I hadn’t eaten much in Tarsainn. The mer hadn’t fed me while I’d been in the dungeons, slowly poisoned by iron. I suspected they liked their food alive and wriggling so they could watch the life leave its eyes.

Nymphs cooked food over the fire, and it appeared that selkies shared their taste for roasted food.

Trout cooked until black, its skin peeling to reveal the pale flesh underneath. Salt-crusted, with slices of lemon. Scallops cooked with herbs I’d never tasted before. Bread, a rarity, eaten above the surface. Sweet cakes with creamy swirls on top.

Though the lake had felt a lack of food with the war, I had been lucky. Cruinn had never wanted for food. It wouldn’t do for the Undine King and the Esteemed Undine Court to go hungry.

I supposed that selkies could find their food on the surface as well as the water.

As I ate the flaky fish and marveled over the taste, guilt made it hard to swallow.

My life had been spent in a castle tower. Cloistered and coddled and pushed onto a throne to bleed. Even when I had mated, I had been given two males of royal standing. Aside from our sojourn across the lake in the middle of a war, it was unlikely I would know hunger again. Rainn and Tor would not allow it.

But how many of the Lake Fae could say the same?

The tumult in the lake had killed many fish. I knew it. Even when we swam to the Skala beach, the coral didn’t blossom with life. It was stark and barren, like a graveyard.
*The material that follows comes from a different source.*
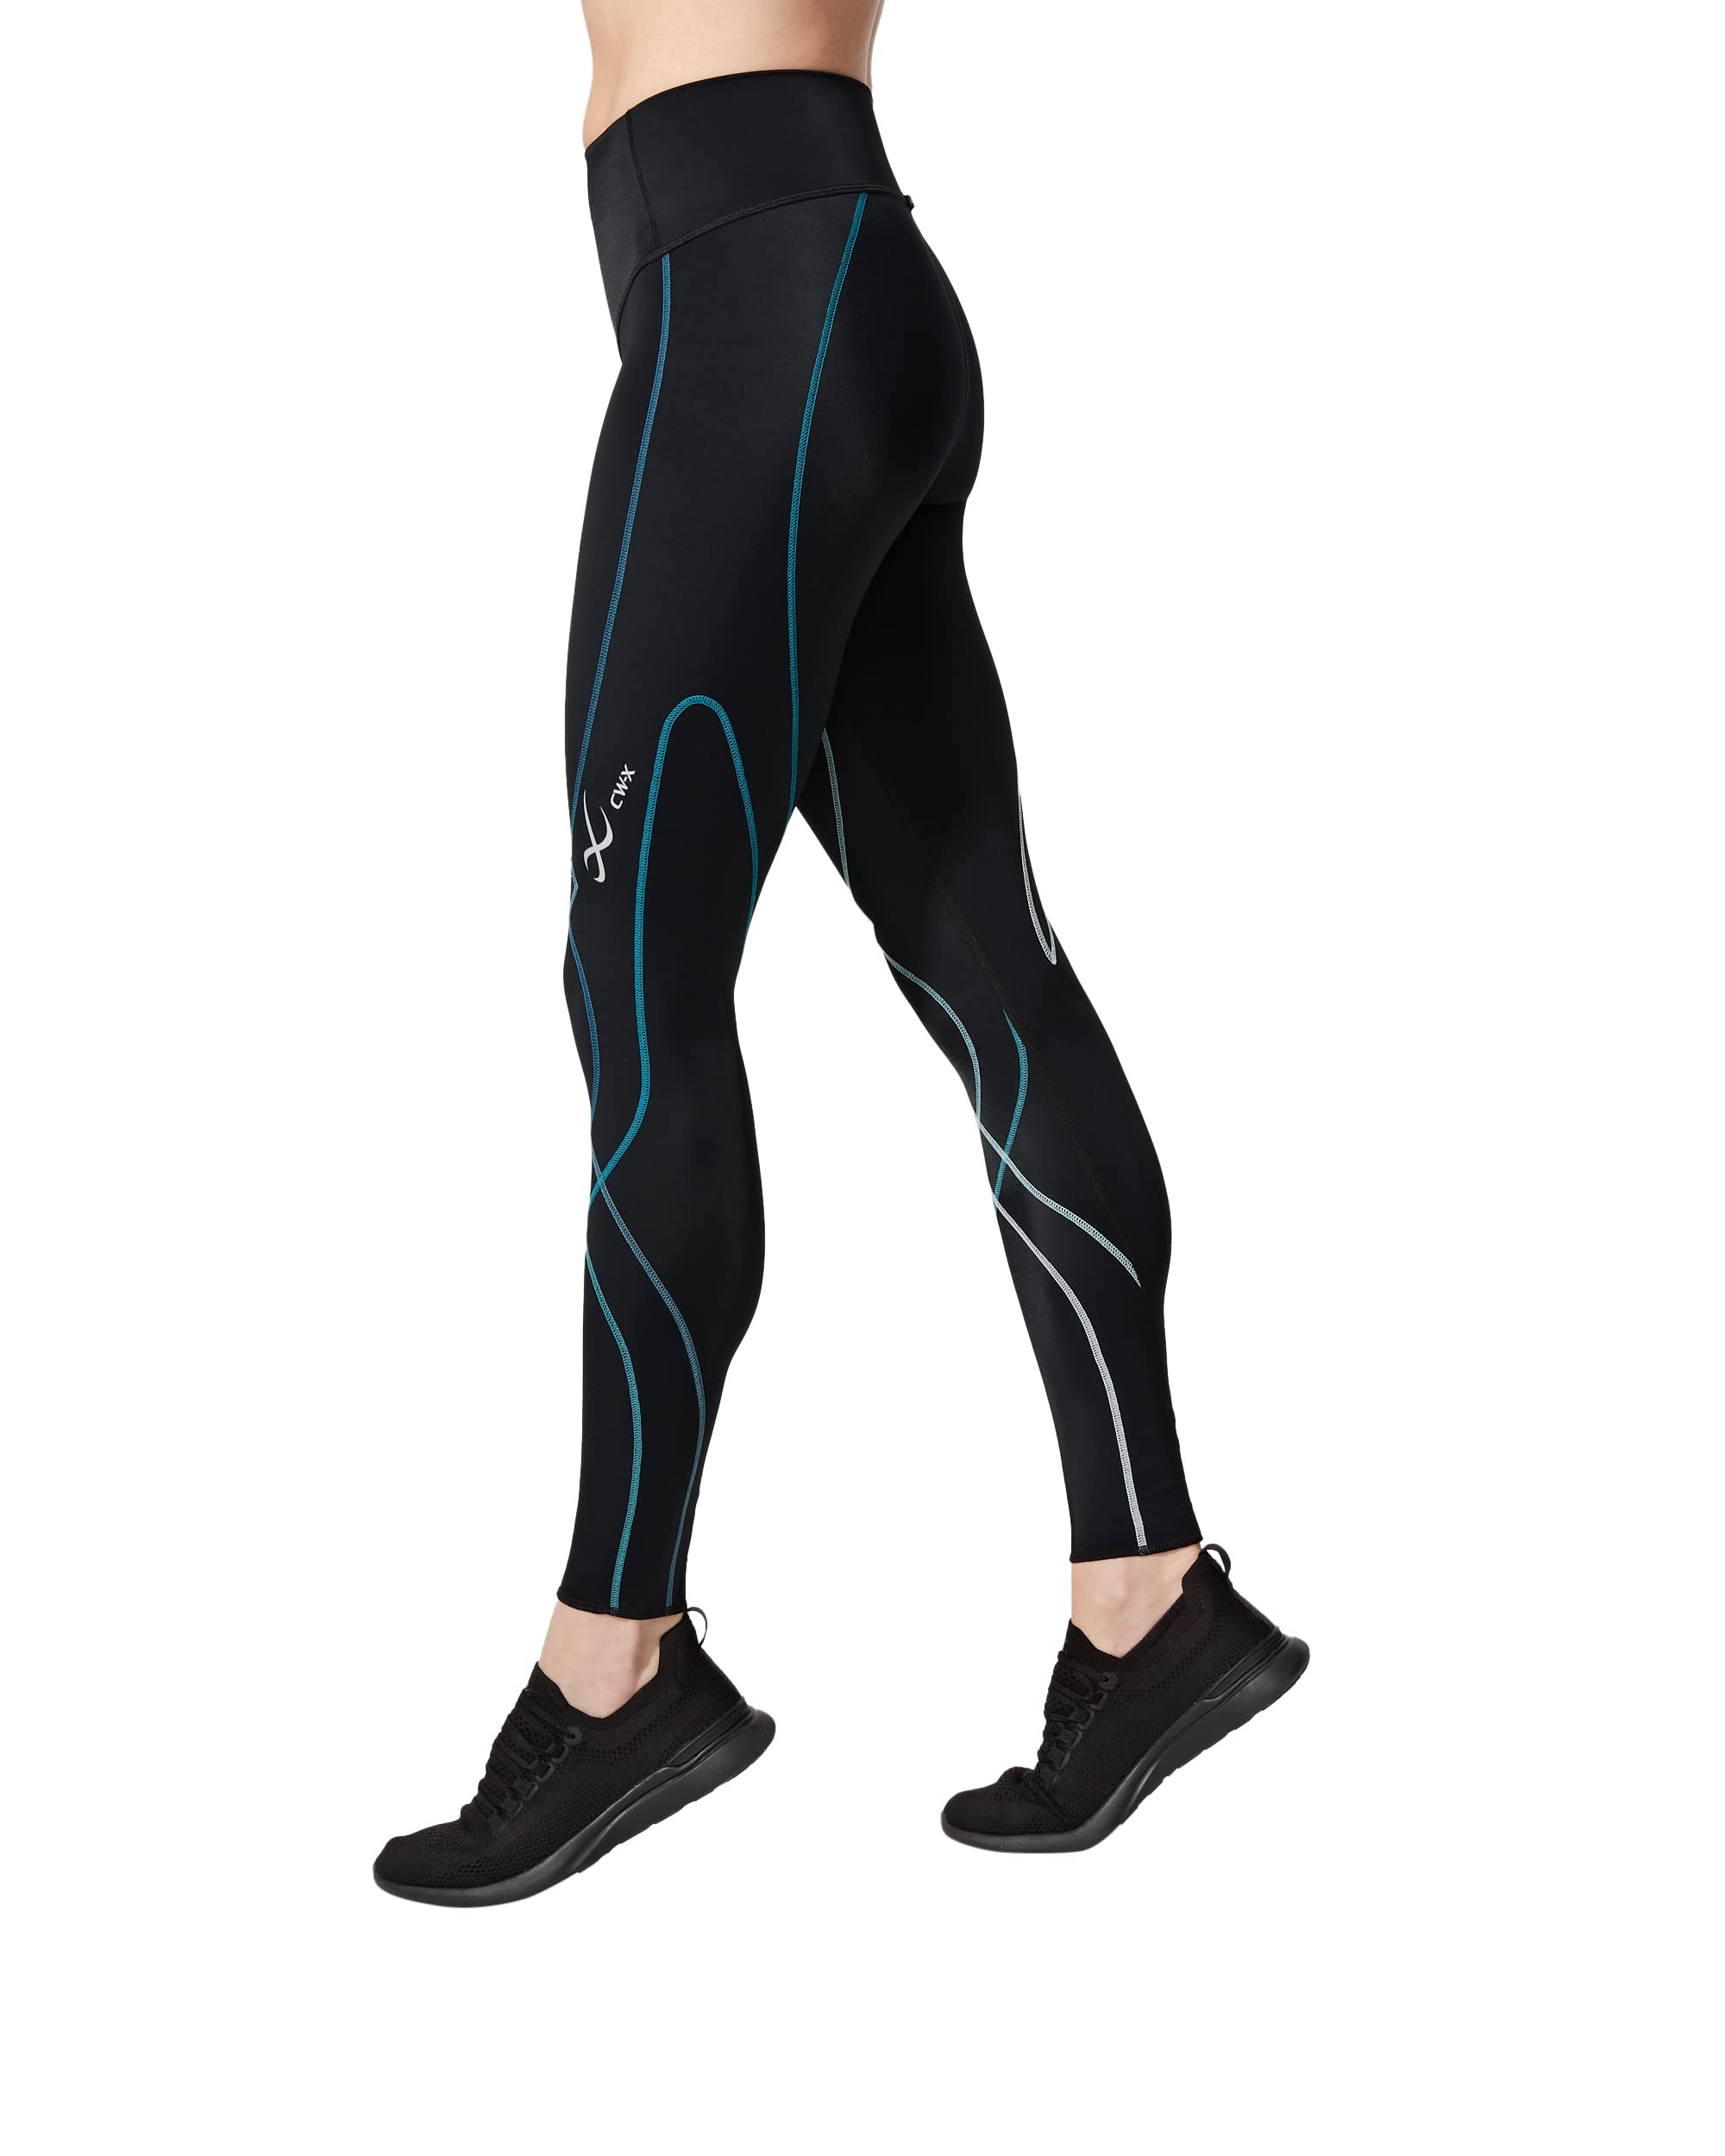 CW-X Women's Stabilyx 2.0 Joint Support Compression Tight

Would my uncle’s death be enough to fix the unease in the water?

The door opened, and the selkie queen bustled into the room with her mates on her heels. “My children!” She beamed though she looked just as young as each of the selkies at the table. “Starting without me, I see.”

“We’re late, dearest.” One of her mates brushed his finger down her cheek.

She waved his comment away. “A messenger came for Rainn. From the nymphs on the other side of the lake.”

I sat up. “The nymphs?”

The Selkie queen held out a flower, though the petals weren’t right. Rainn took the peony, brushing his fingers over the frilly pink edges; it rustled like paper. He unfolded the flower, his curiosity turning to an icy anger before he schooled his face into a blank mask.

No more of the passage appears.